Vous trouverez également, comme sur l’iPad, un petit switch pour verrouiller la rotation de l’écran : cela a l’air bête comme ça, mais c’est une fonction vraiment pratique qui manque à beaucoup de tablettes Android. Par exemple quand vous utilisez votre tablette au lit et que vous bougez, hop, vous bloquez la rotation et l’affichage ne tournera pas avec vous. Notez enfin que, chose rare, Acer a prévu un guide de l’utilisateur plutôt conséquent, en papier.
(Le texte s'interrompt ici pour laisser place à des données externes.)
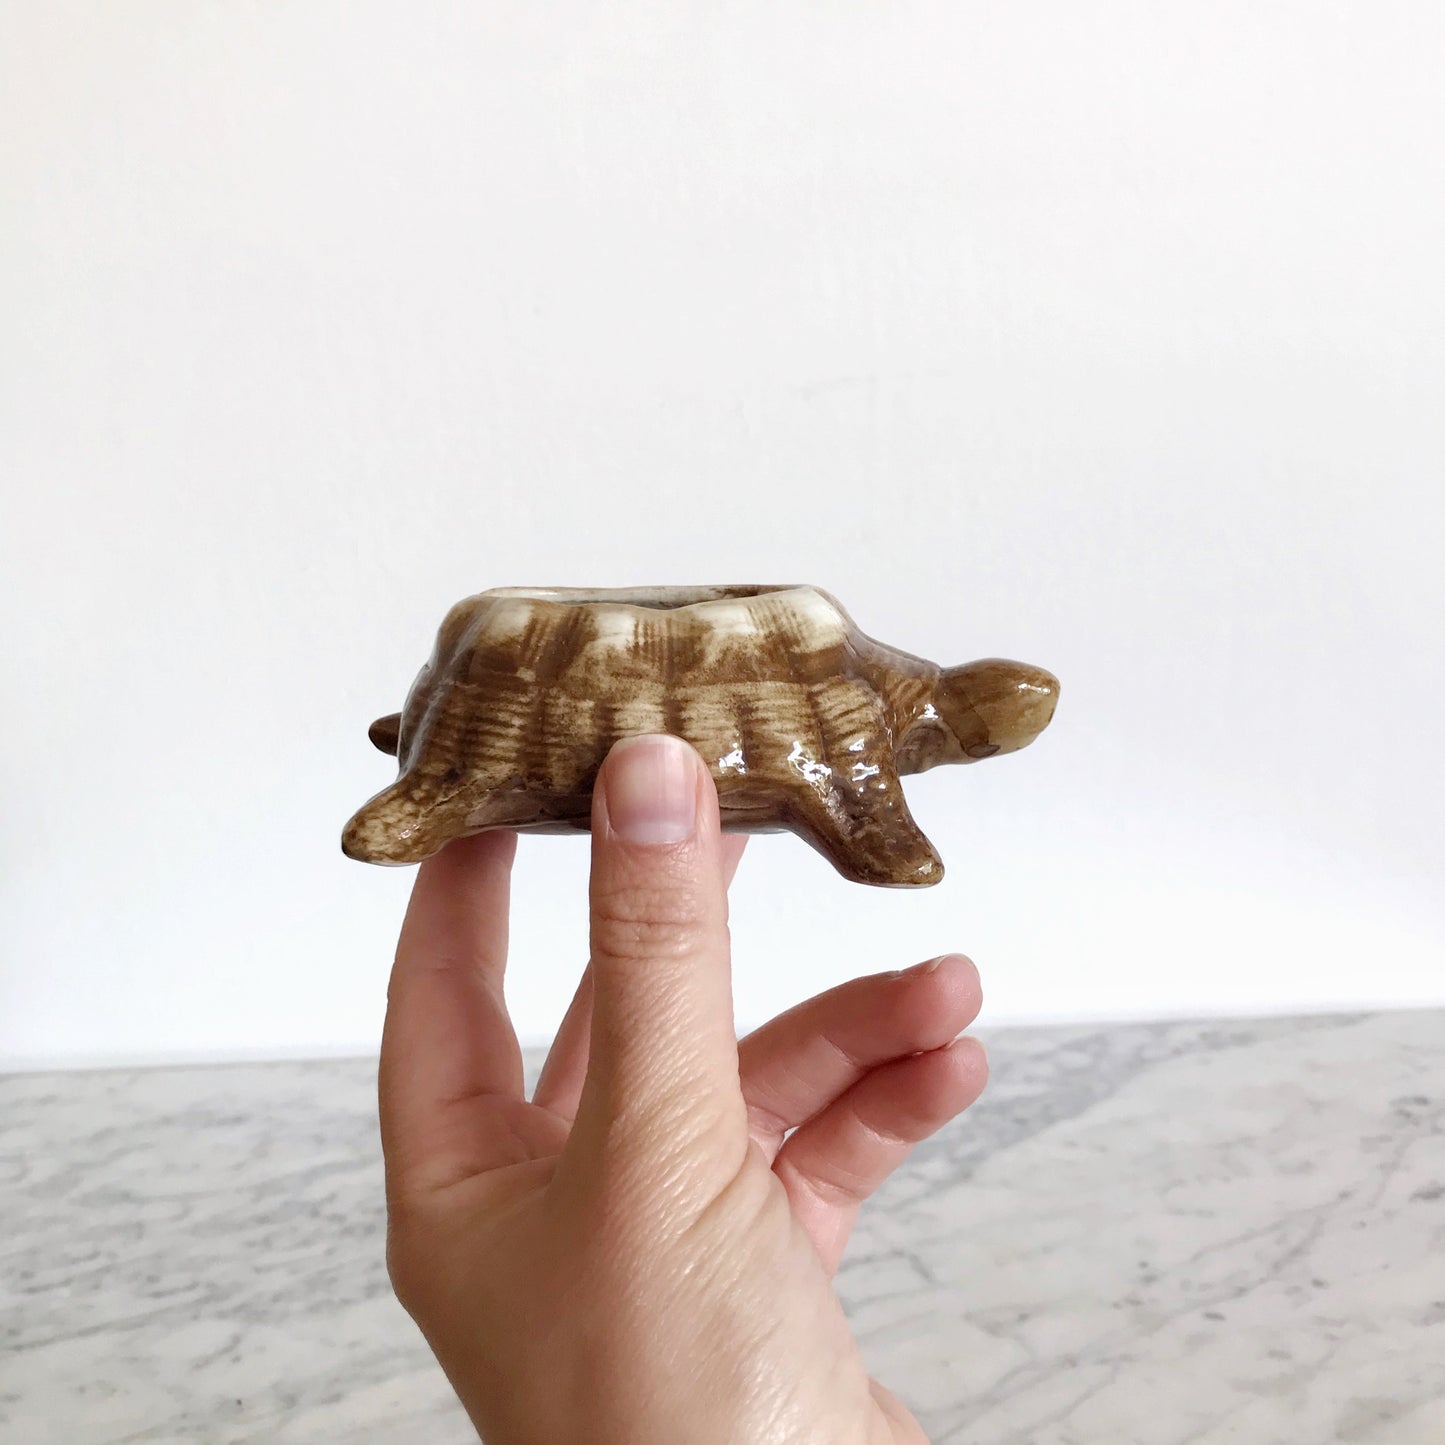 Small Vintage Ceramic Turtle

Mettez-vous un instant à la place du débutant qui ne sait pas se servir d’une tablette : ce sera pour lui une excellente chose, qui tend malheureusement à disparaître de plus en plus, les bons vieux guides laissant leur place à des manuels en PDF souvent difficile à trouver pour le béotien.

Un petit switch on/off pour la rotation : demandez aux iPad-users si ce n’est pas pratique…
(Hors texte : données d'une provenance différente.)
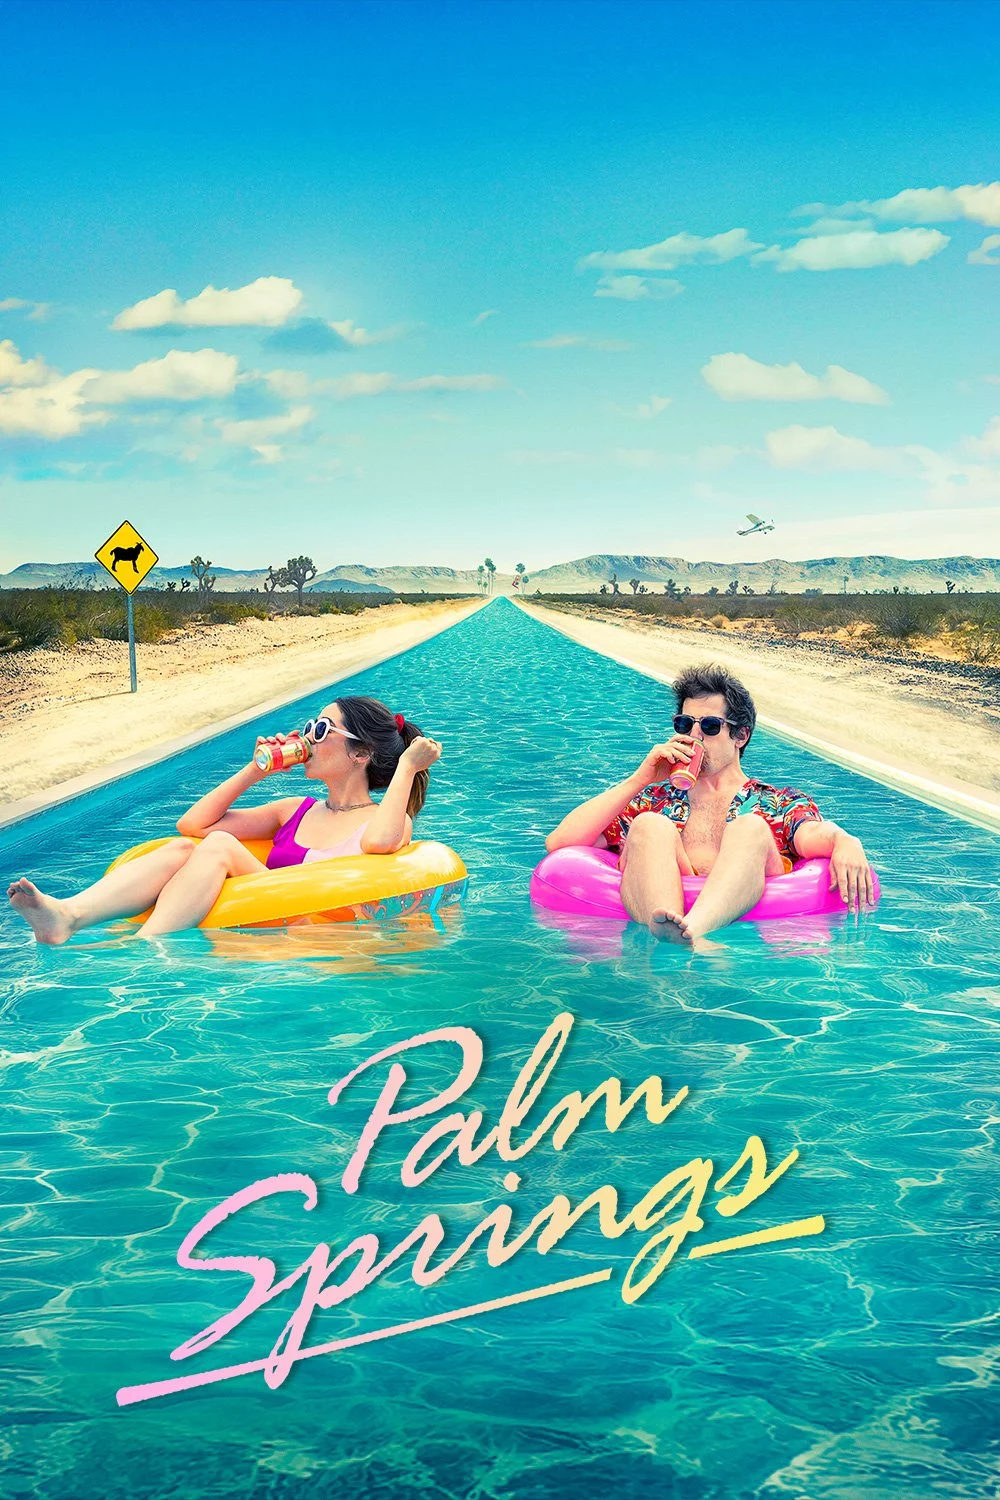 Palm Springs - Trailer (Official) • A Hulu Original Film

2 – Ecran et autonomie : les promesses, les prouesses et la réalité

Ce n’est pas un secret : l’écran de l’Iconia Tab A510 n’est pas un écran HD et son taux de pixels par pouce est strictement le même que celui de la génération précédente. On reste sur une taille de 10,1 pouces pour une définition de 1280×800 pixels. A l’usage, évidemment que cela se remarque si l’on a vu tourner un iPad, mais ce n’est pas aussi marquant que sur l’iPad 2, qui a quand même 200 pixels de moins de hauteur, à cause de son format 4:3.
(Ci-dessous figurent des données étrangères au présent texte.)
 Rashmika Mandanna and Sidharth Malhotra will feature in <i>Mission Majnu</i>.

Du côté des couleurs et de la luminosité, on est dans la moyenne : la tablette d’Acer ne fait pas de prouesse mais ne déçoit pas non plus. Les couleurs sont vives et les noirs sont bien sombres. La seule couleur à avoir un petit défaut est le blanc, qui vire au jaunâtre quand on incline la tablette, mais encore une fois rien d’alarmant : toutes les dalles ont leur talon d’Achille colorimétrique et il est très difficile d’avoir des écrans parfaitement équilibrés.

Même en mode de luminosité maximale, les couleurs ne saturent pas

Contrairement à Asus sur sa Transformer Prime, Acer n’a pas ajouté de technologie de « boost » de la luminosité qui, théoriquement, permet d’utiliser l’objet en extérieur tout en dévorant la batterie. En pratique, même si cela peut servir dans quelques situations, nous avions trouvé la technologie un peu gadget sur la Transformer Prime, ce n’est donc pas vraiment sur cela que nous nous attarderions. Et puis après tout, une tablette, ça se pose sur une table basse dans le salon.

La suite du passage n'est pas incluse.